I. Definition
Big Data refers to the dynamic, large and and disparate volumes of data being created by people, tools, and machines. It requires new, innovative, and scalable technology to collect, host, and anatically process the vast amount data gathered in order to derive real-time business insights that relate to consumers, risk, profit, performance, productivity management, and enhanced shareholder value.
- Ernst and Young
II. 5 Vs
Big Data has 5 Vs attributes:
- Velocity
- Volume
- Variety
- Veracity
- Value
1. Velocity
Velocity is the accumulate speed of the data, as data is generated extremely fast and is not stopped. Therefore, cloud-based and real-time streaming technologies is needed to handle and process these data quickly.
2. Volume
Volume is the scale of the data (the amount of data stored).
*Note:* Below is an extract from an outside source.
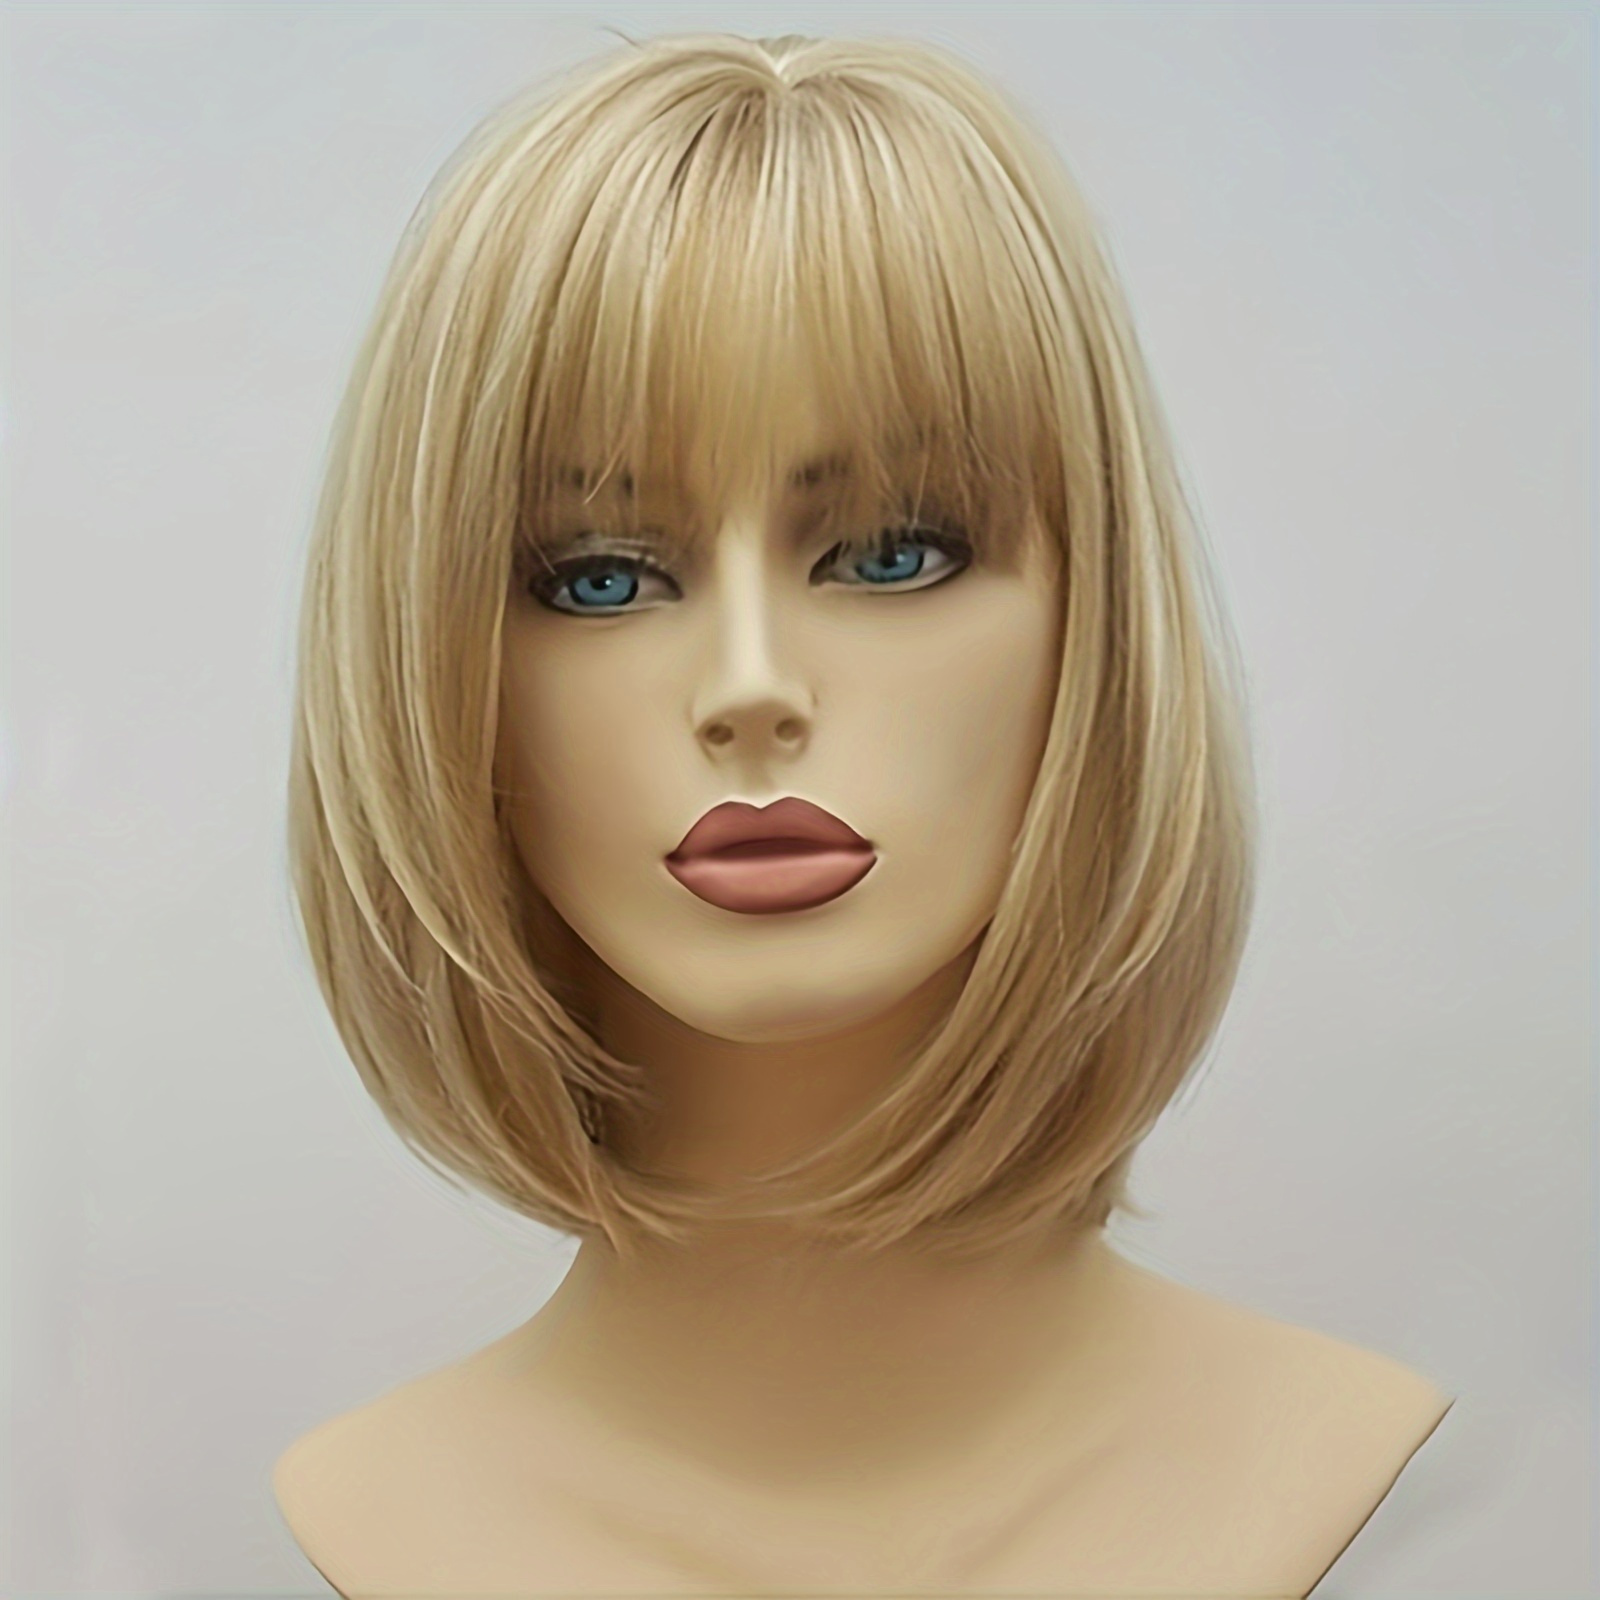 

Elegant 12-inch Blonde Highlight Short Straight Wig With Bangs For Women - 150% Density, Heat Resistant Synthetic Fiber, Beginner Friendly

Drivers in volume is the increase in the data sources, higher resolution sensor and scalable infrastructures.
3. Variety
Variety is the diversity of the data. Variety reflects different data types and data from different sources.
4. Veracity
Veracity is the origin and the quality of data, and its conformity to facts and accuracy.
Attributes:
- Consistency
- Completeness
- Integrity
- Ambiguity
5. Value
Possible values from Big Data:
- Profit
- Medical
- Social
- Satisfaction => Main reason to invest time in Big Data: Derive values from it.